The DFSA is responsible for the registration, oversight and suspension / removal of Registered Auditors and Audit Principals operating in the DIFC in respect of their audits of Public Listed Companies, Authorised Firms, Authorised Market Institutions and Domestic Funds.
A copy of the DFSA’s Decision Notices can be found in the Regulatory Actions section of the DFSA website.
The Dubai Financial Services Authority (DFSA) is the independent regulator of financial services conducted in and from the Dubai International Financial Centre (DIFC), a purpose built financial free zone in Dubai. The DFSA’s regulatory mandate covers asset management, banking and credit services, securities, collective investment funds, custody and trust services, commodities futures trading, Islamic finance, insurance, crowdfunding platforms, money services, an international equities exchange and an international commodities derivatives exchange.
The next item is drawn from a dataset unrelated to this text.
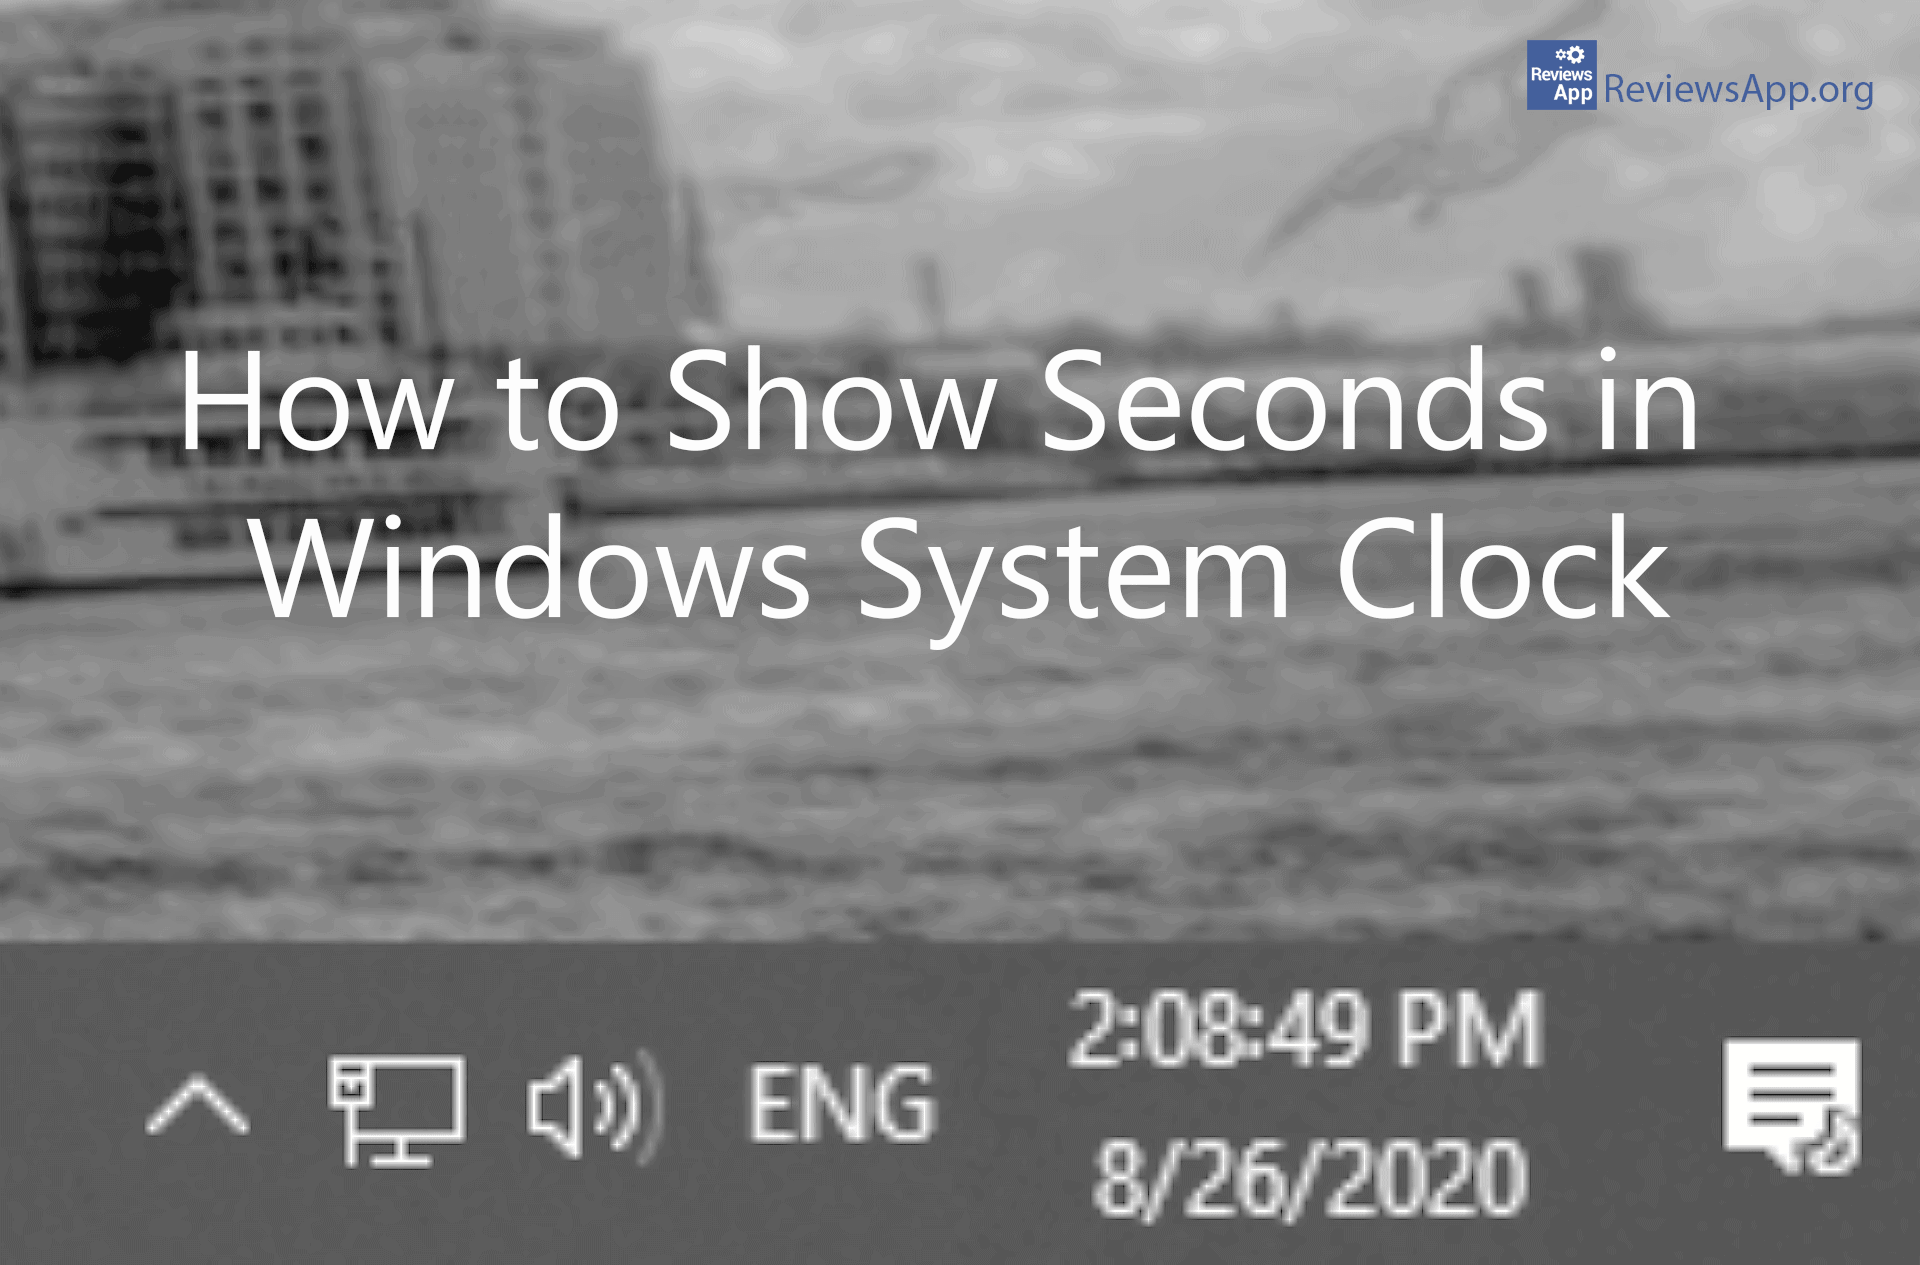 How to show seconds on system clock in Windows 10

In addition to regulating financial and ancillary services, the DFSA is responsible for administering Anti-Money Laundering (AML) and Combating the Financing of Terrorism (CFT) legislation that applies to regulated firms and Designated Non-Financial Businesses and Professions in the DIFC. Please refer to the DFSA’s website for more information.
Ian Johnston was appointed Chief Executive of the DFSA in September 2022. He previously served as the DFSA’s Chief Executive from 2012-2018. A lawyer by background, Ian had several senior executive roles in the private sector, including as CEO of one of Australia’s major trustee companies. The second half of his career being in regulation, Ian was an Executive Director at the Australian Securities and Investments Commission; Special Advisor at the Hong Kong Securities and Futures Commission; and since 2019, consulting to and advising a number of financial regulators in Europe, Asia and the Middle East.